Maine dairy delivery drivers—and serial comma proponents—scored a win when a federal appeals court ruled that ambiguity in a state wage-and-hour exemption revives their overtime claims ( O’Connor v. Oakhurst Dairy , 1st Cir., No. 16-1901, 3/13/17 ).

The decision is a “major ruling” in Maine, where there’s not much case law for the state overtime statute, attorney David G. Webbert of Johnson, Webbert & Young in Augusta, Maine, told Bloomberg BNA March 14.

Webbert is one of four lawyers representing about 75 dairy delivery drivers who brought federal and state overtime claims against Oakhurst Dairy and Dairy Farmers of America Inc. in the U.S. Court of Appeals for the First Circuit. The drivers alleged that they worked about 50 to 60 hours per week with no overtime pay.

Maine law provides an overtime exemption for employees whose work includes “canning, processing, preserving, freezing, drying, marketing, storing, packing for shipment and distribution of” certain perishable foods.

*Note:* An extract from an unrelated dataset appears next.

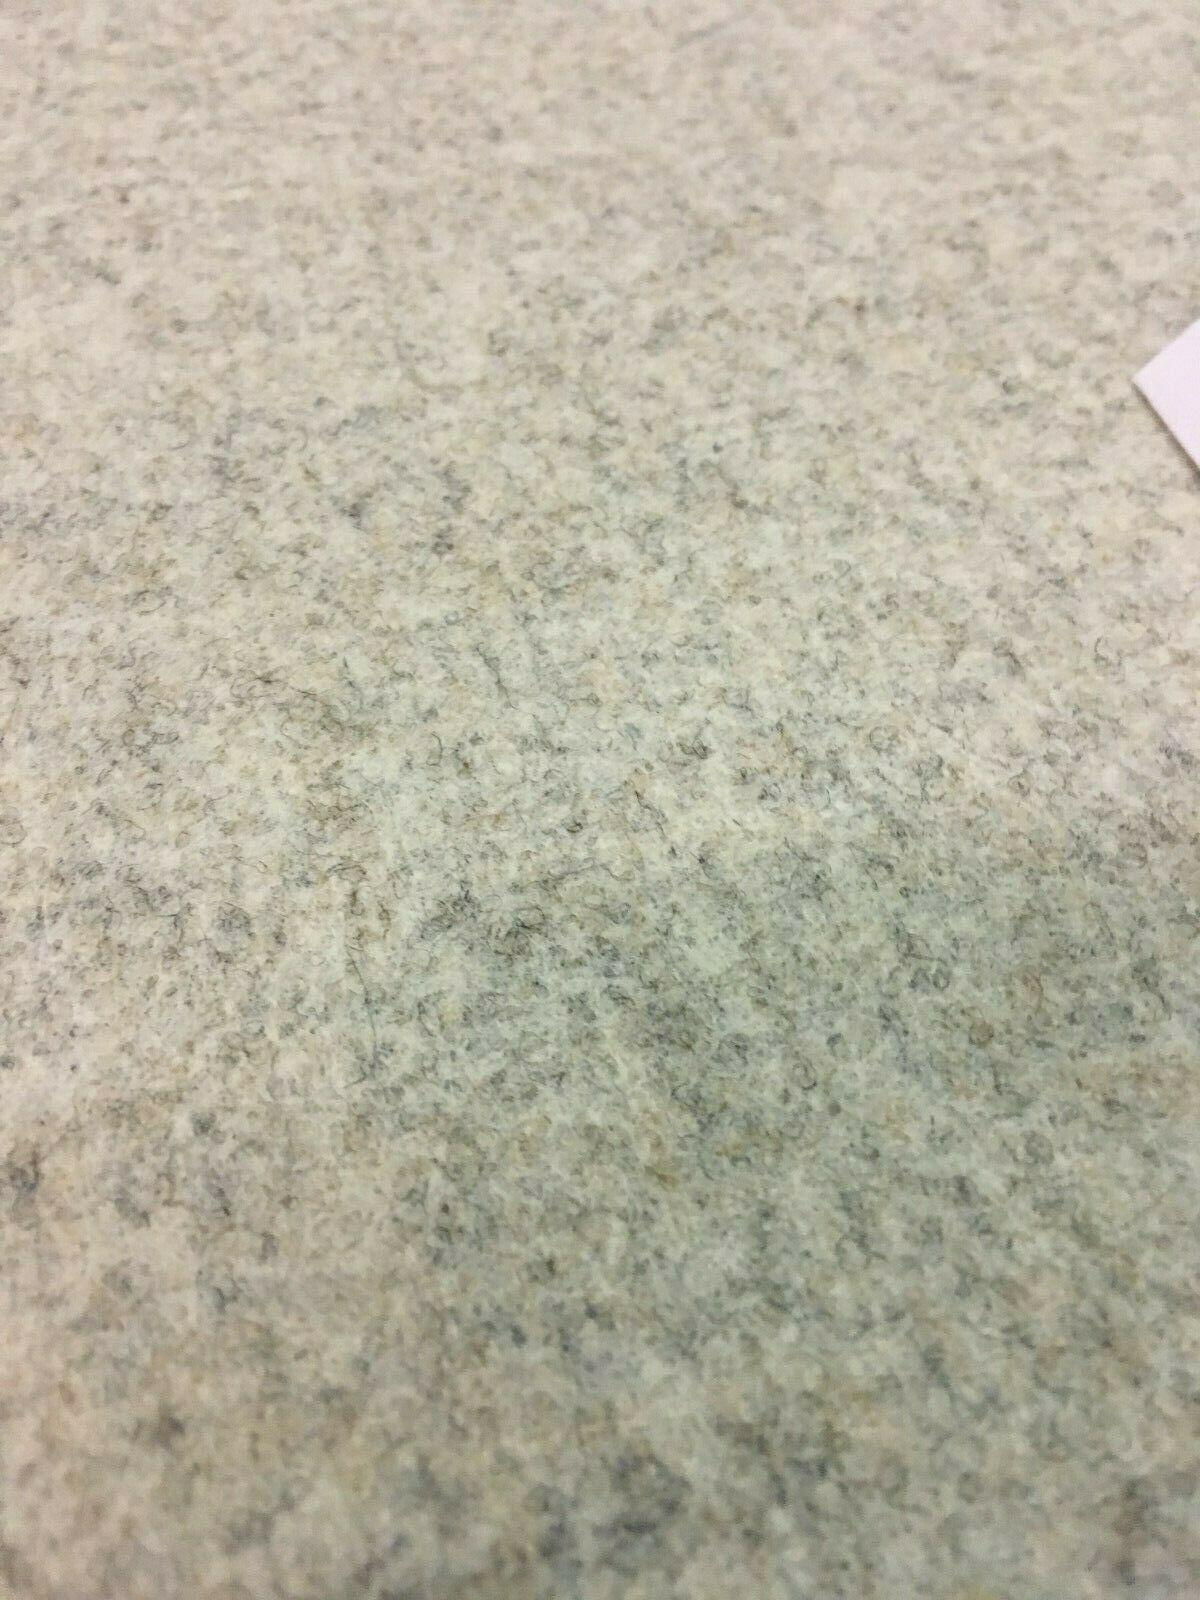 Wool Upholstery Fabric Light Gray Melange 1.25 yards GY

The lack of a comma after “shipment” makes it unclear whether “distribution” is a standalone exempt activity or the word merely describes a type of exempt packing, the First Circuit said, discussing a number of linguistic conventions.

If “distribution” were considered an exempt activity, the drivers would lose their overtime claims because delivering dairy would qualify as “distribution.”

But the statutory text doesn’t make that clear, the court said in its March 13 ruling. And a look at the exemption’s purpose and legislative history also doesn’t resolve the ambiguity, it said.

Given the remedial purpose of the state’s overtime law, the court ultimately sided with the drivers’ stance that “distribution” modifies the word “packing” and isn’t a separate exempted activity.

Application Outside of Driver Context

The ruling, which reversed dismissal of the drivers’ claims, makes it clear that any ambiguity in Maine’s overtime provisions should be construed in favor of employees to fulfill the law’s purpose of paying workers fairly, Webbert said.

The court “pretty vigorously” applied that broad principle, which can also be used in future Maine overtime cases outside of the delivery driver context, he said.

Attorneys representing the dairy companies didn’t immediately respond to Bloomberg BNA’s March 14 request for comment.

Judge David J. Barron wrote the opinion, joined by Judges Sandra Lynch and Kermit Lipez.

Webbert, Carol J. Garvan, Jeffrey N. Young and Roberta L. de Araujo of Johnson, Webbert & Young represented the drivers. Patrick F. Hulla, Jennifer K. Oldvader, David L. Schenberg and Danielle Y. Vanderzanden of Ogletree Deakins in Kansas City, St. Louis and Boston represented the dairy companies.